While some prefer flexible work, the question marks around paycheck amounts are not welcomed by everyone.

“They want consistency,” says Kristen Berman, co-founder and director of the Common Cents Lab, part of the Center for Advanced Hindsight at Duke University.

According to a study by Common Cents, people would give up $ 9,900 of their annual income to move on to a consistent job with a reliable salary.

They solve a need. But do you have to register?

While fintech apps for those with volatile incomes are young, they already have some traction.

The Even app, which is a money management and payday advance app, has been available to Walmart employees since December. In July, the retailer announced that 200,000 Walmart employees were already using the app. And Even is about to grow as he recently closed a $ 40 million Series B round of funding.

Although Steady is younger, over 100,000 people have already downloaded the app. So far, Roseman says most users are between the ages of 35 and 45 and have a financial obligation, like a child or a student loan, resulting in the need for additional income.

Whether you should join the user group to help you deal with the inconsistent amount of money coming in, of course, depends on your financial needs and what the app offers.

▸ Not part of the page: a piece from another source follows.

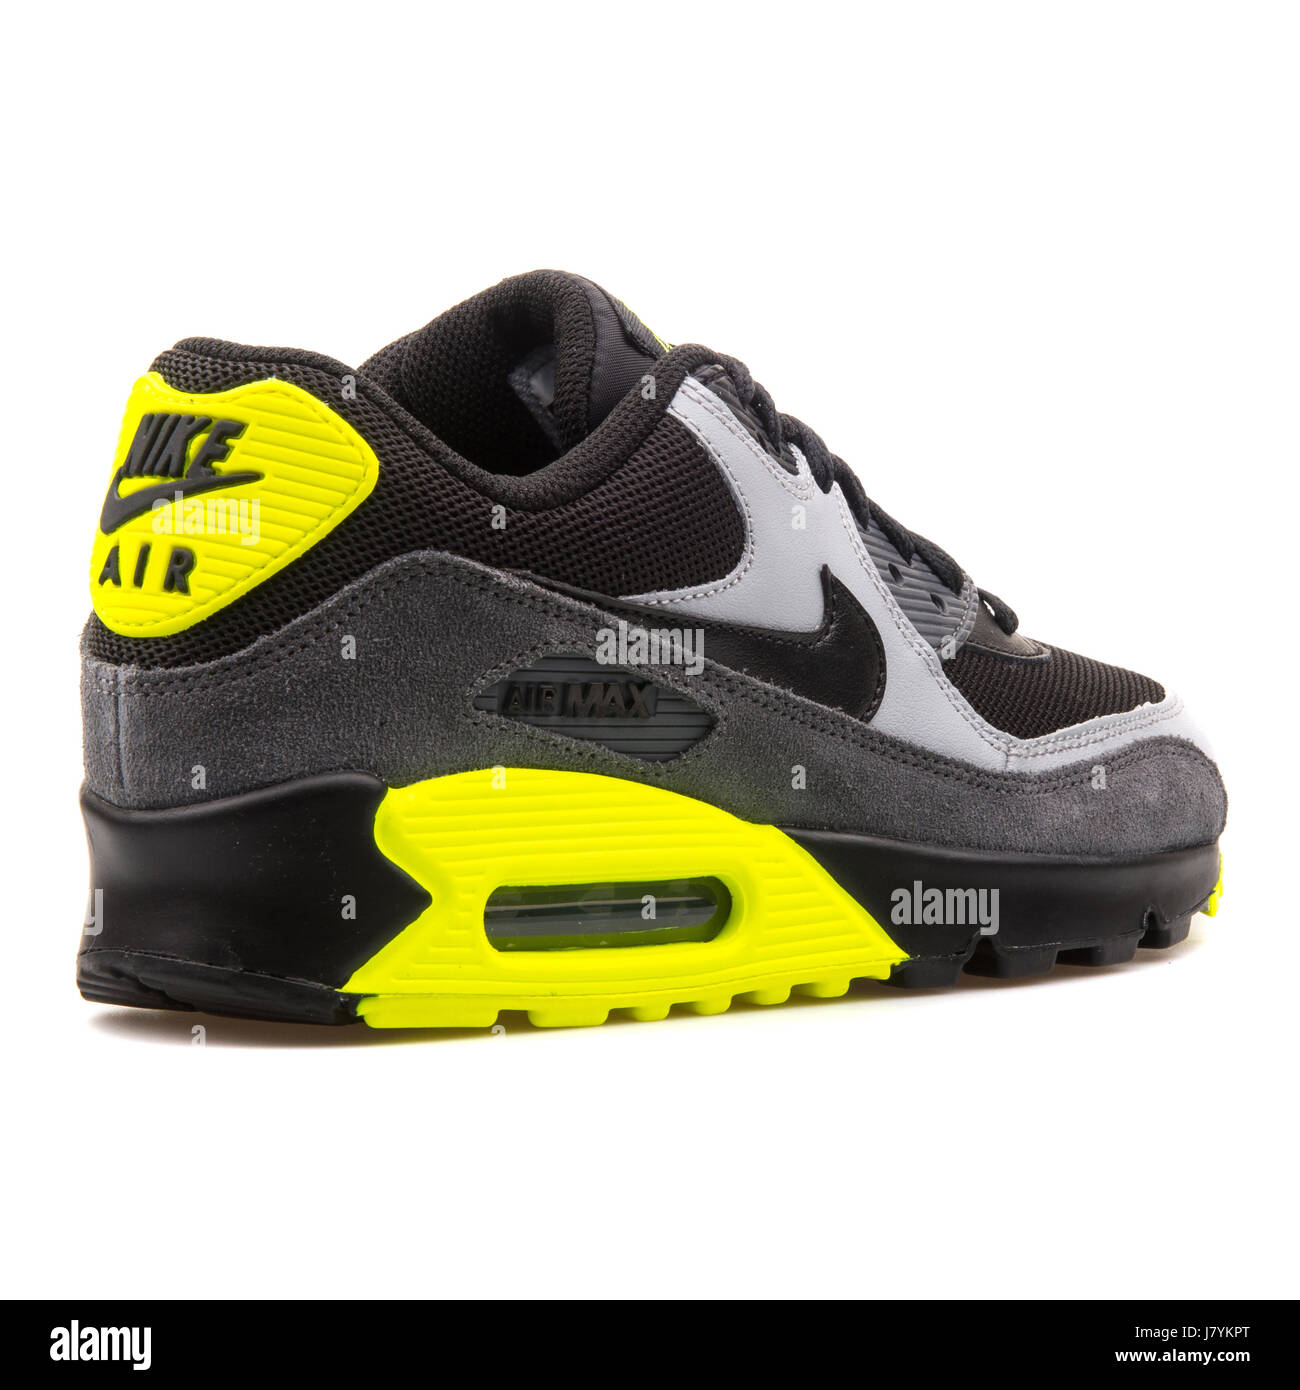 Talla Procesando Insustituible Nike Air Max 90 Malla (GS) la juventud negra de cuero gris y amarillo  Sneakers - 724824-002 Fotografía de stock - Alamy

If you’re trying to take your kids on vacation or fix a flat tire, breakdown apps can help. But be careful of the fees required to get the benefits. Earning, for example, lets you decide what to pay to unlock portions of money you’ve already earned. The price for naming your salary via the Even app depends on the amount covered by the employer.

Monitoring usage is also important. While Berman sees increasing the frequency of breakdowns as a good alternative to a payday loan, she worries that people are abusing the benefit to the point that they should do more math on what. they could afford on any given day. “A lot more research needs to be done,” she says.

And, of course, for some it’s about making more money. Same 49% of Mint.com users spend more than they do. For this group, Steady might be the best option.

“There is not enough income for a large population,” says Roseman.